Accordingly, a need arose to design a whole new humidifier (hereinafter referred to as “humidification apparatus”) for being used in a humidor so that, when a User places the cigars, cigarettes, pipe tobacco, tobacco or other goods within an enclosure of the humidor, the configurations and mechanism of the humidification apparatus not only will effectively improve the humidity introduction rate thereof, but also will avoid the User from getting involved in the maintenance of the humidity inside the enclosure of the humidor, as well as effectively reducing the amount of moving parts of the apparatus to zero, and in turn effectively reducing the amount of parts required in manufacturing, assembling, and using the apparatus, thereby allowing the apparatus to be in a preferred smaller package capable of being conveniently placed in almost any size humidor and continuously maintain the relative humidity inside the said enclosure to a desirable level.

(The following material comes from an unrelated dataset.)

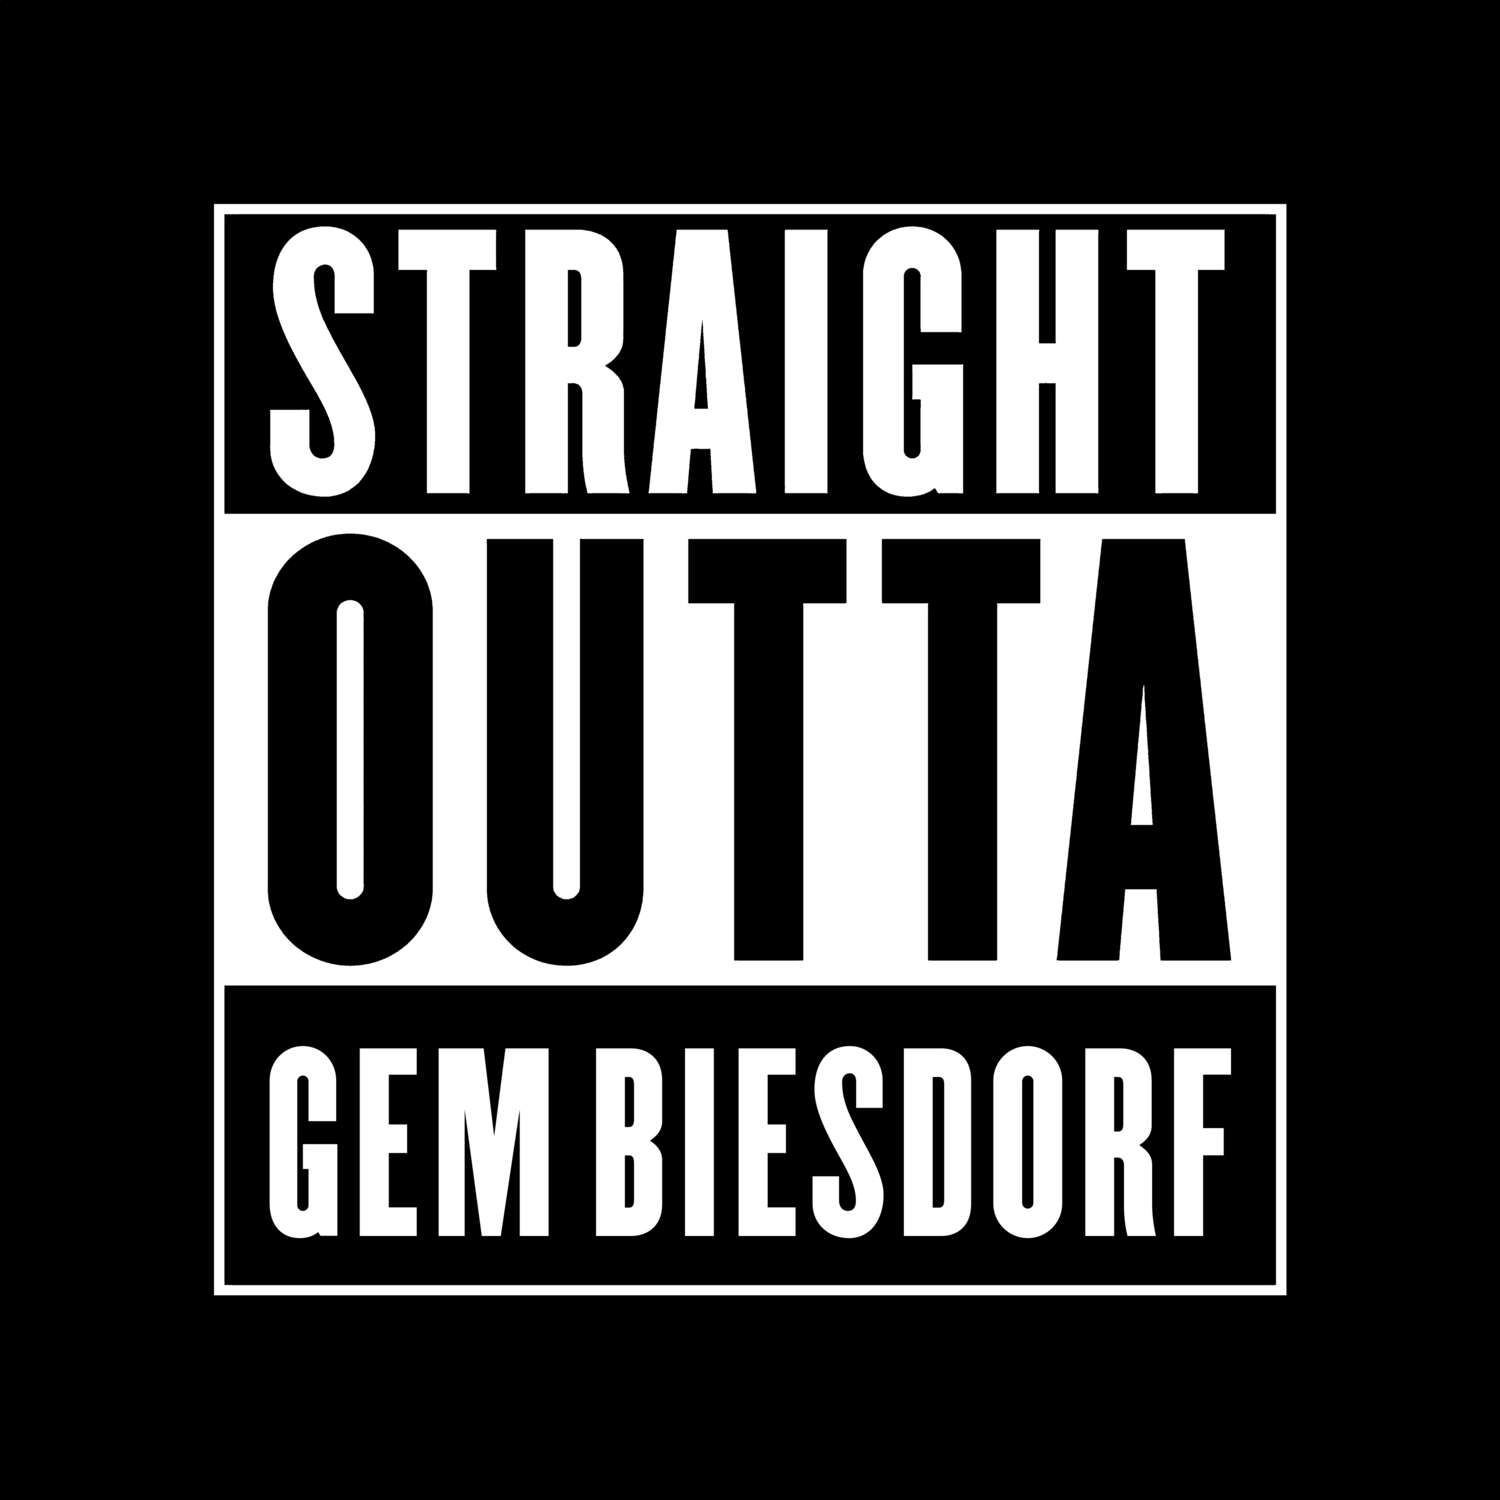 Gem Biesdorf T-Shirt »Straight Outta«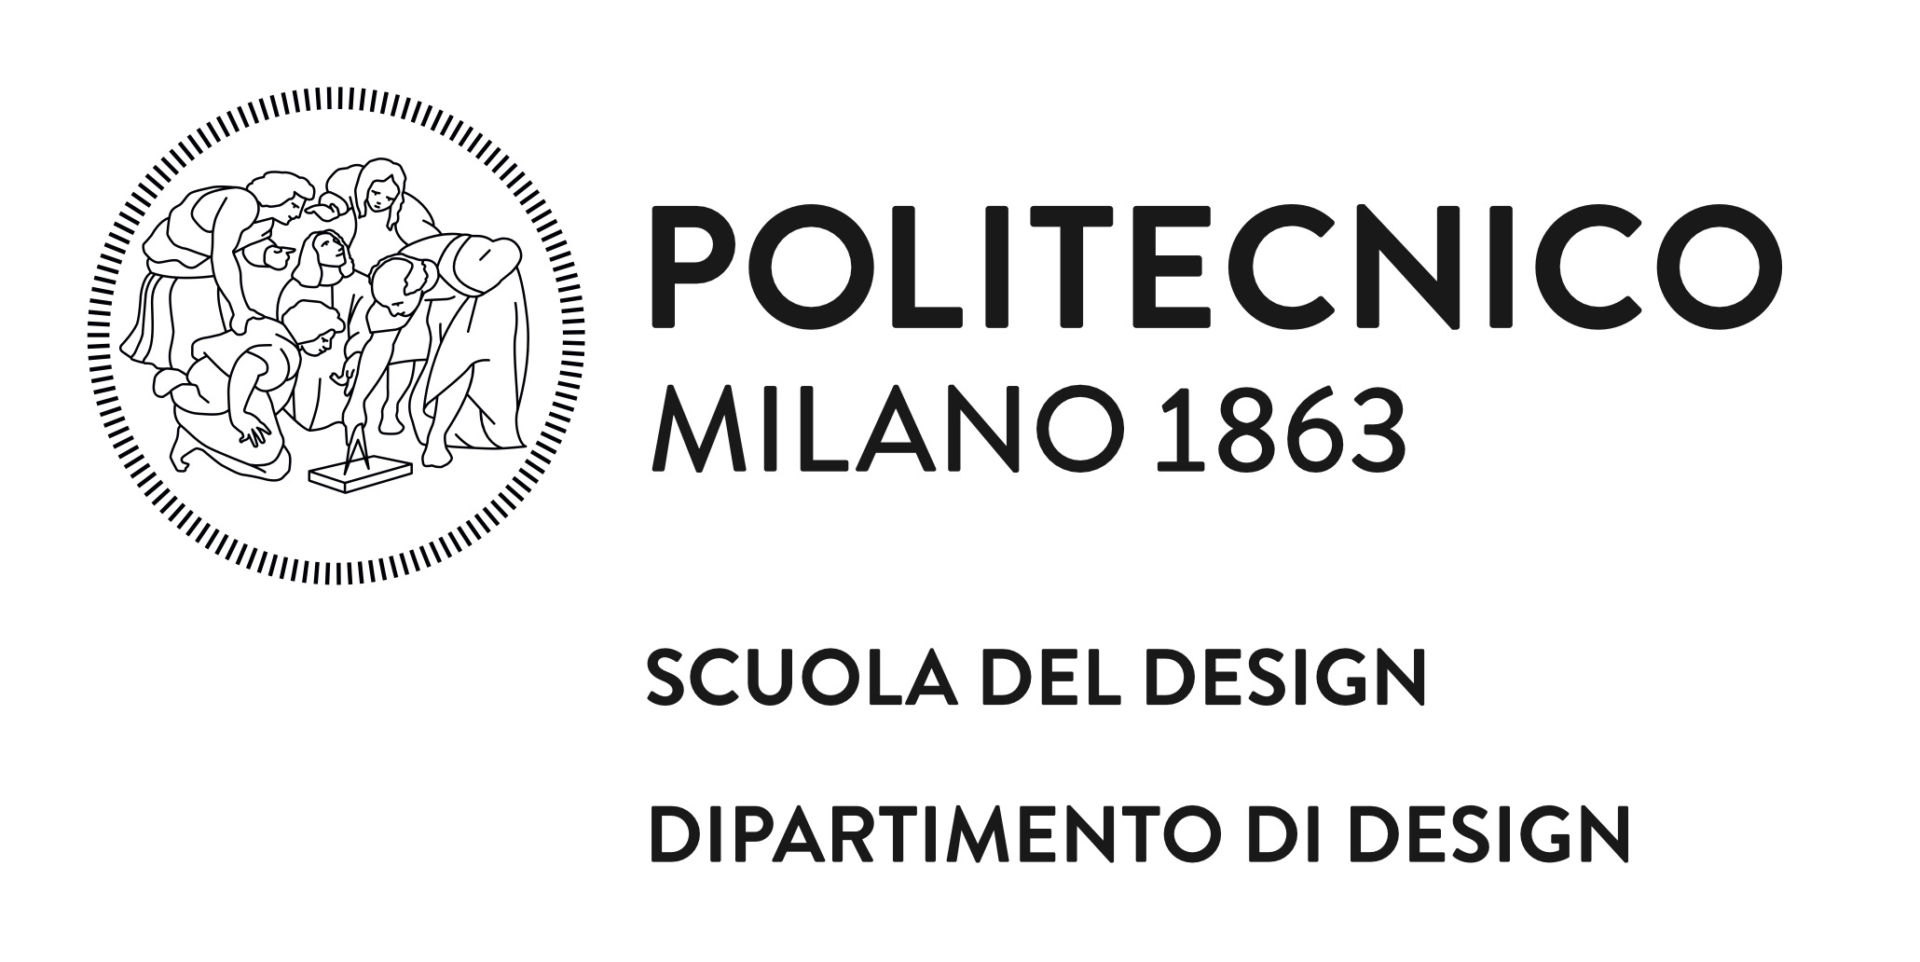 LOGO POLITECNICO MILANO - SCUOLA DEL DESIGN

In view of the drawbacks of the aforesaid conventional humidifiers in terms of performance, portability, and utility, the disclosed configurations and mechanisms of the new humidification apparatus are intended to solve the aforementioned drawbacks with greater ease of use, higher accuracy, higher stability, and greater utility so as to promote and maintain humidity inside a humidor, achieving consistent and desirable humidity levels far more suitable for storing cigars, cigarettes, tobacco, or other goods than its prior art counterparts.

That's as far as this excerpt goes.